# [Work required]
All that is needed is an exact repetition of the lines from the one containing "Selon une nouvelle" through the final line of the material, without pictures.
[Data section Boundary: Start]
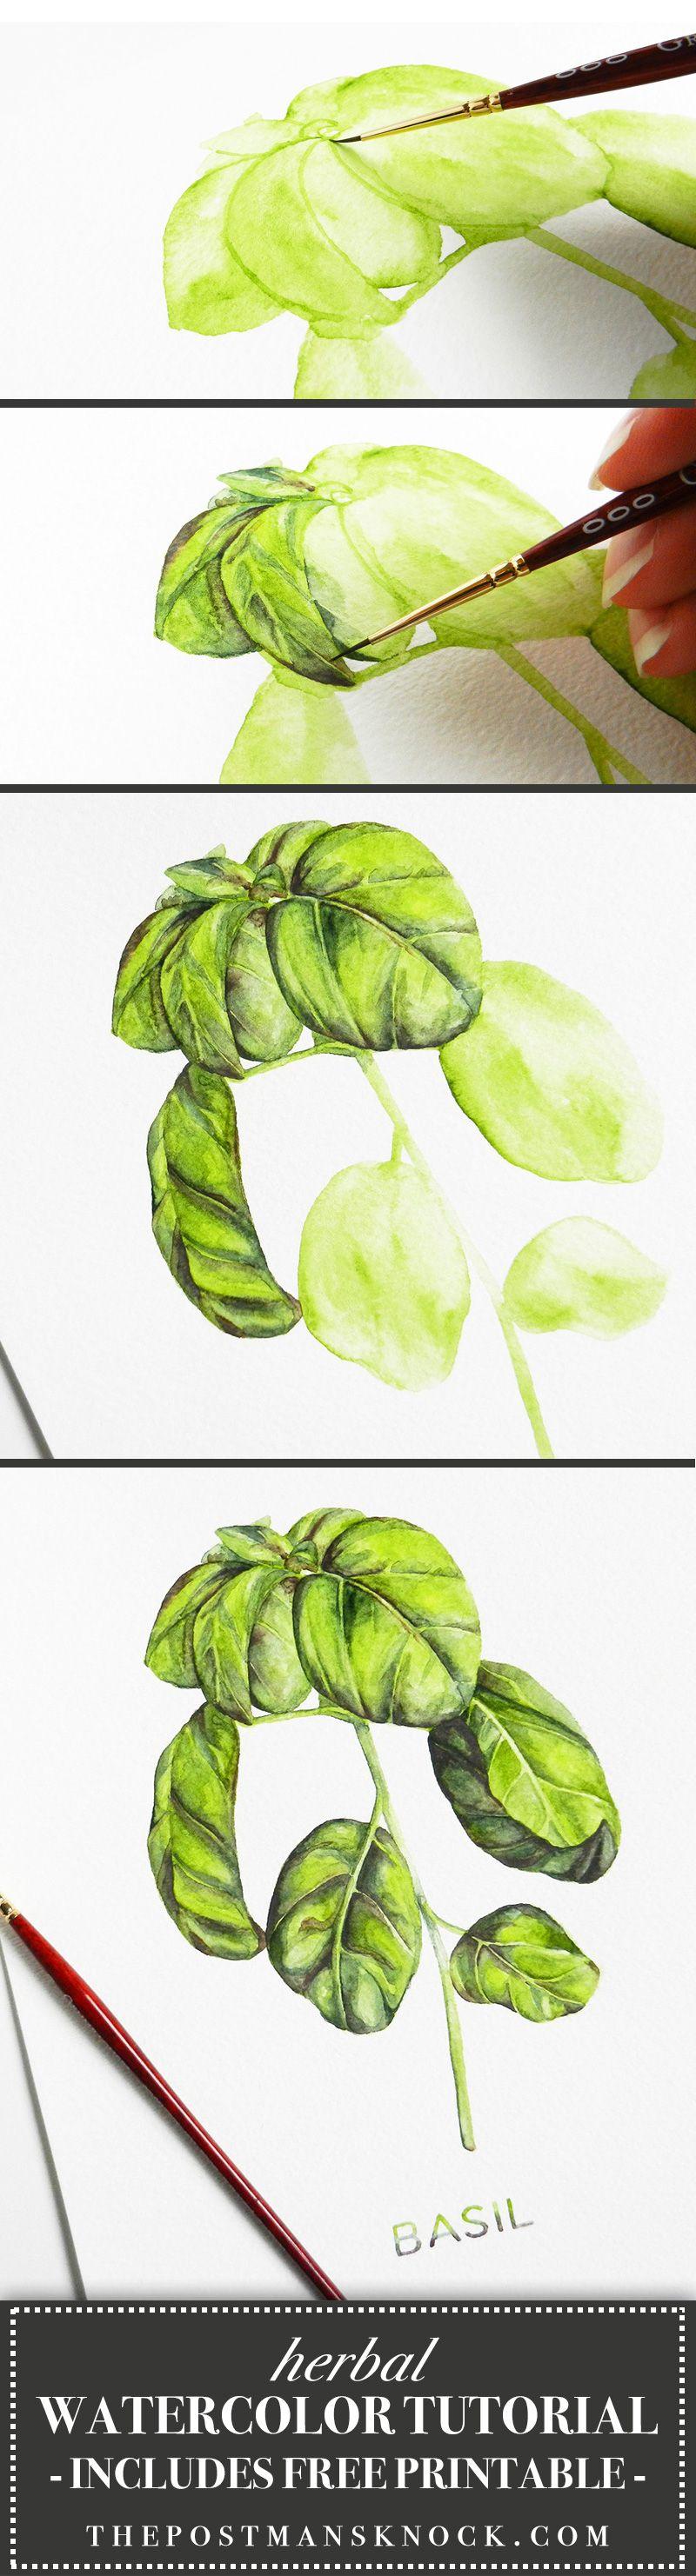 Herbal watercolor tutorial a free printable beautiful
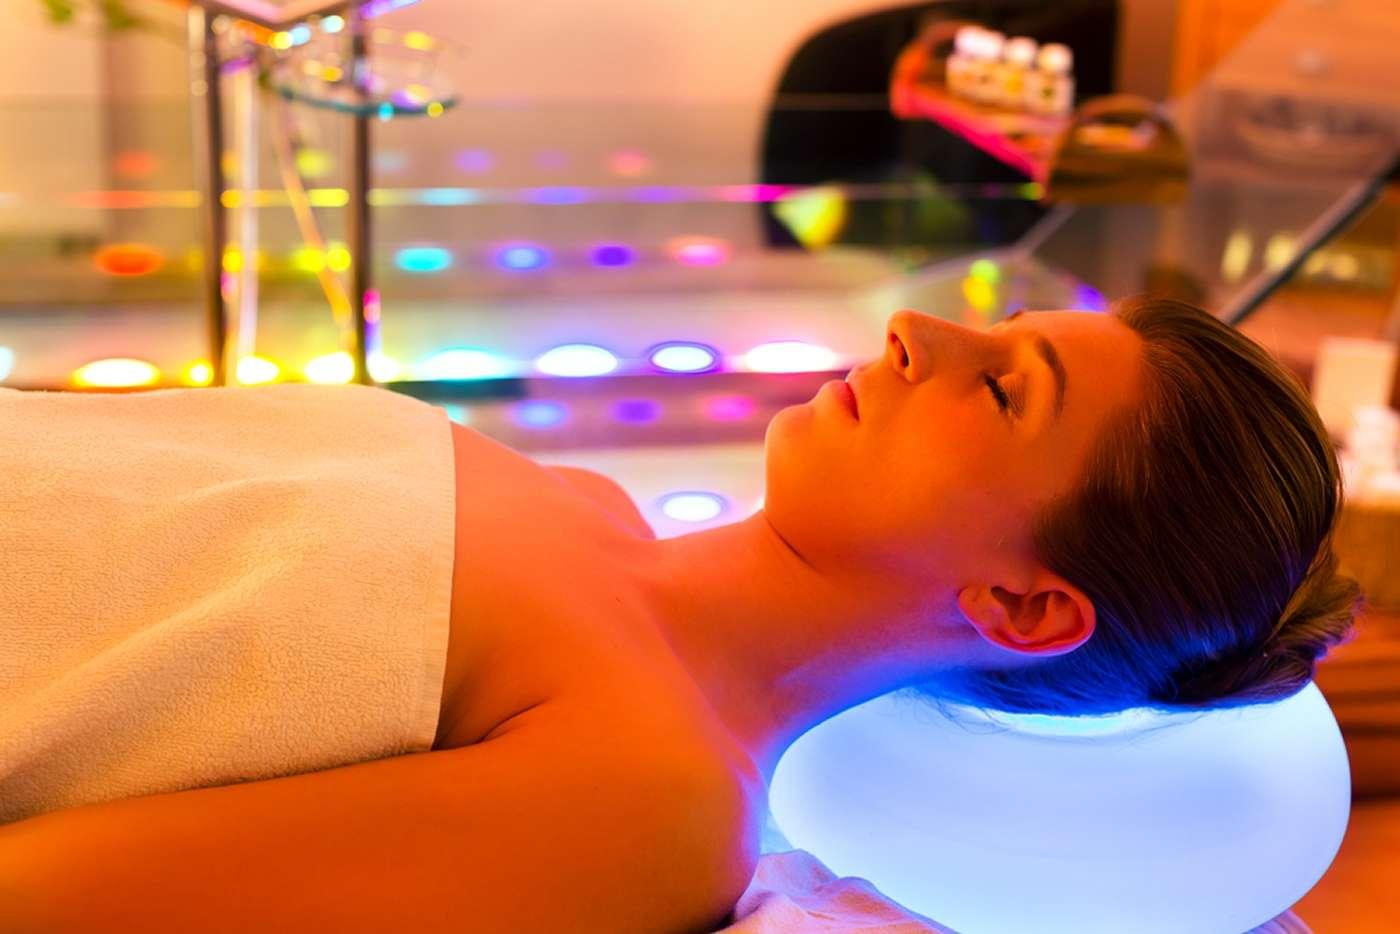 Selon une nouvelle étude, la luminothérapie serait un bon traitement contre la dépression majeure. © Kzenon, shutterstock.com
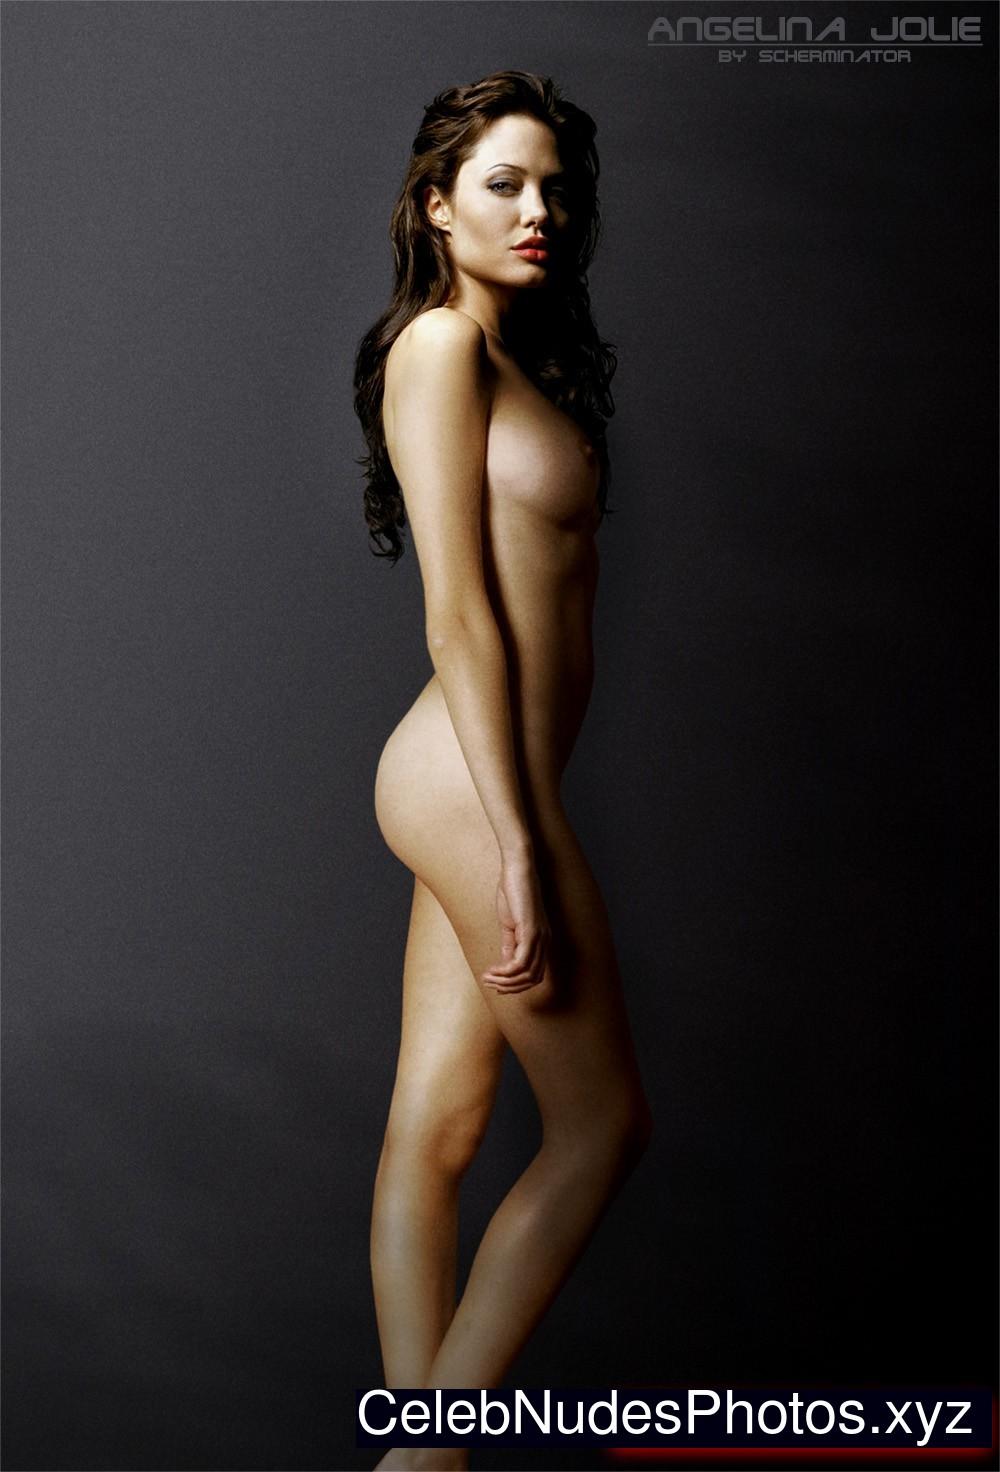 Angelina Jolie Голая Голую анжелину джоли
[Data section Boundary: End]
# [Output of the exercise]
 Selon une nouvelle étude, la luminothérapie serait un bon traitement contre la dépression majeure. © Kzenon, shutterstock.com
 Angelina Jolie Голая Голую анжелину джоли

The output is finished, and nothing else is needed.